🤖 AI Summary
To address the challenge of robotic grasping under severe occlusion in cluttered scenes, this paper proposes a target-oriented joint push-grasp policy learning framework. Methodologically, we introduce the first SE(2)-equivariant push-grasp network architecture, explicitly encoding planar motion symmetry; we further design a lightweight joint training strategy optimized via grasp confidence scoring, decoupling the co-learning of pushing and grasping actions. Our approach integrates SE(2)-equivariant convolutional layers, grasp score modeling, and end-to-end vision-to-action policy learning.
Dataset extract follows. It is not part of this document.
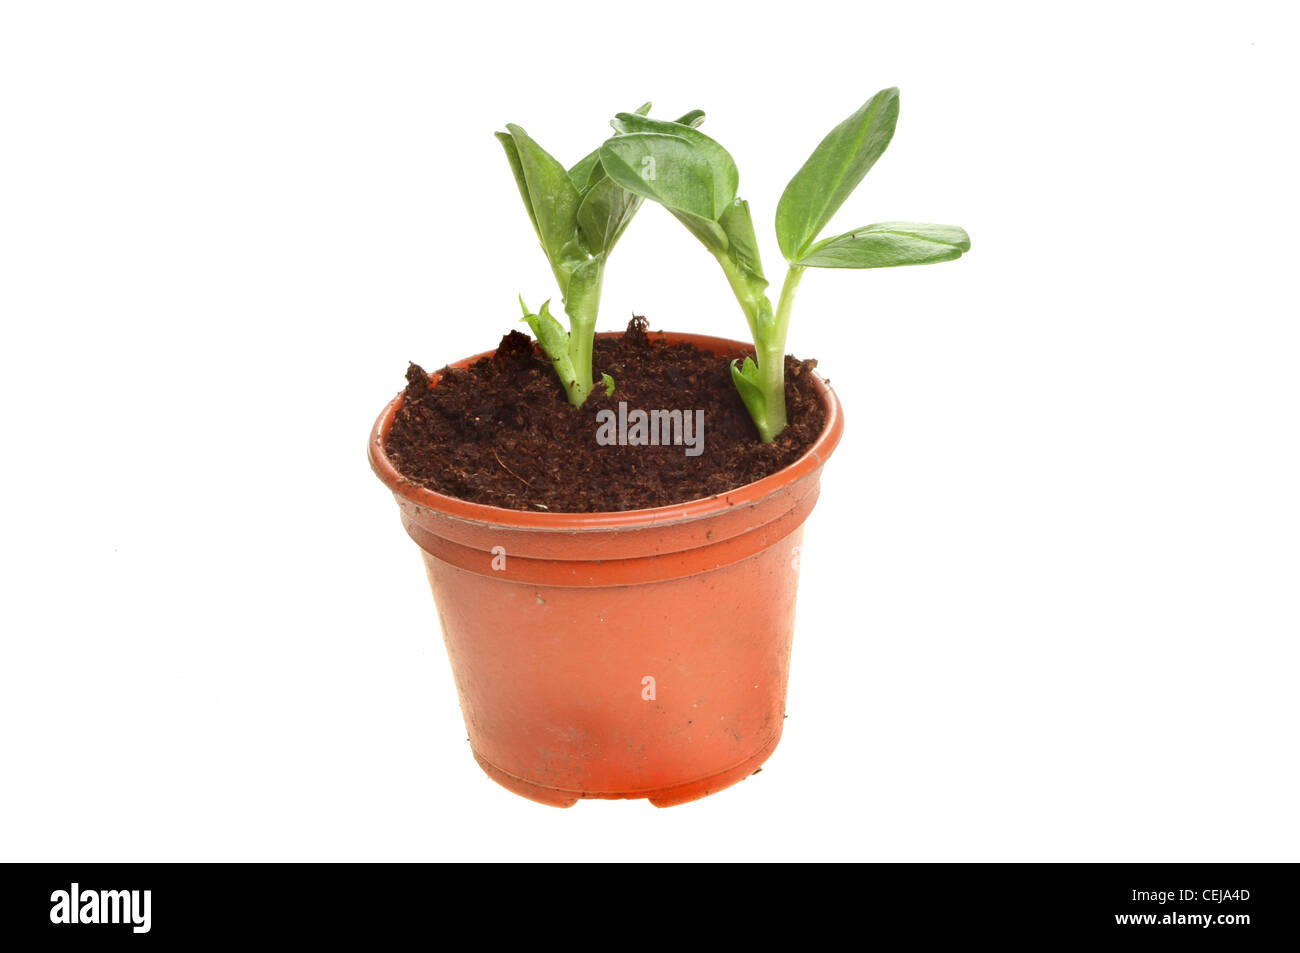 Young broad bean vegetable plant seedlings in a plastic pot isolated against white Stock Photo

Experiments demonstrate that our method improves grasping success rates by 49% in simulation and 35% on real hardware over strong baselines, validating the effectiveness of geometric structure modeling and active scene rearrangement strategies.
📝 Abstract
Goal-conditioned robotic grasping in cluttered environments remains a challenging problem due to occlusions caused by surrounding objects, which prevent direct access to the target object. A promising solution to mitigate this issue is combining pushing and grasping policies, enabling active rearrangement of the scene to facilitate target retrieval. However, existing methods often overlook the rich geometric structures inherent in such tasks, thus limiting their effectiveness in complex, heavily cluttered scenarios. To address this, we propose the Equivariant Push-Grasp Network, a novel framework for joint pushing and grasping policy learning. Our contributions are twofold: (1) leveraging SE(2)-equivariance to improve both pushing and grasping performance and (2) a grasp score optimization-based training strategy that simplifies the joint learning process. Experimental results show that our method improves grasp success rates by 49% in simulation and by 35% in real-world scenarios compared to strong baselines, representing a significant advancement in push-grasp policy learning.